Tweek would be closest to myself, although I'm not quite as hyperactive


----------



## Kanova (Dec 17, 2012)

Stan I guess? Maybe if he was a little more pissy though.


----------



## farfegnugen (Aug 16, 2010)

Cartman if I could pick one though I like Craig too.


----------



## AussiePea (Mar 27, 2007)

Guess


----------



## gopherinferno (Apr 7, 2009)

i'm vampire kid butters


----------



## Orbiter (Jul 8, 2015)

gopherinferno said:


> i'm vampire kid butters


But...you're a girl, you can't be...


----------



## gopherinferno (Apr 7, 2009)

Orbiter said:


> But...you're a girl, you can't be...


----------



## MylesB93 (Feb 25, 2014)

Token I guess lol


----------



## Orbiter (Jul 8, 2015)

gopherinferno said:


>


Butters Leopold Stotch, go to your room and stay there until you realized what you have done wrong!


----------



## Orbiter (Jul 8, 2015)

I'm Kyel!


----------



## gopherinferno (Apr 7, 2009)

Orbiter said:


> Butters Leopold Stotch, go to your room and stay there until you realized what you have done wrong!


you can't ground me


----------



## Orbiter (Jul 8, 2015)

MylesB93 said:


> Token I guess lol


Why, you black?
I bet you have a bass guitar in your basement!


----------



## Orbiter (Jul 8, 2015)

gopherinferno said:


> you can't ground me


I am your father and you do what I say!!!
I had to laugh at that picture, damn vampire butters lol


----------



## MylesB93 (Feb 25, 2014)

Orbiter said:


> Why, you black?
> I bet you have a bass guitar in your basement!

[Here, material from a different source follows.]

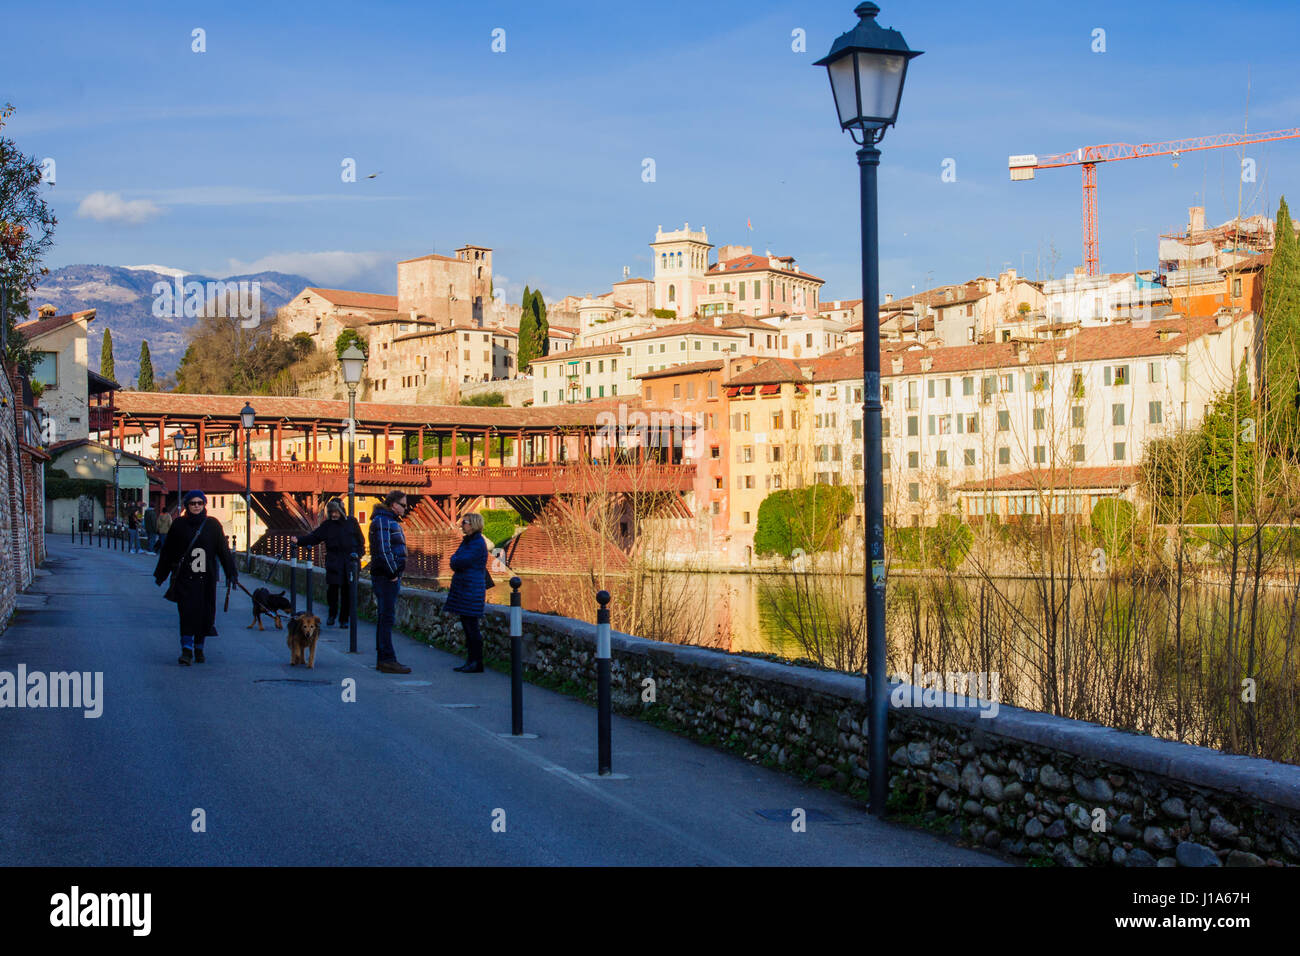 BASSANO DEL GRAPPA, ITALY - JAN 31, 2015: Scene of The Ponte Vecchio (or Ponte degli Alpini) bridge, with local and tourists, and the Brenta river, in Stock Photo

Yep :b I actually used to play haha, still got my bass in my room :rofl


----------



## Idontgetit (Nov 1, 2013)

Damn conformists..


----------



## Orbiter (Jul 8, 2015)

MylesB93 said:


> Yep :b I actually used to play haha, still got my bass in my room :rofl


Haha, that's too hilarious man.


----------



## bad baby (Jun 10, 2013)

_DUH_


----------



## gopherinferno (Apr 7, 2009)

bad baby said:


> _DUH_


oh my god this is too good


----------



## Ape in space (May 31, 2010)

My first instinct was Butters. But after some more thought, I would have to go with Lemmiwinks.


----------



## Sdistant (Mar 25, 2015)

Kenny


----------



## knightofdespair (May 20, 2014)

Randy most of the time, Craig sometimes.


----------



## Moon Rabbit (Aug 7, 2015)

Kyle


----------



## LoneWolf14 (Dec 18, 2014)

Cartman for sure!


----------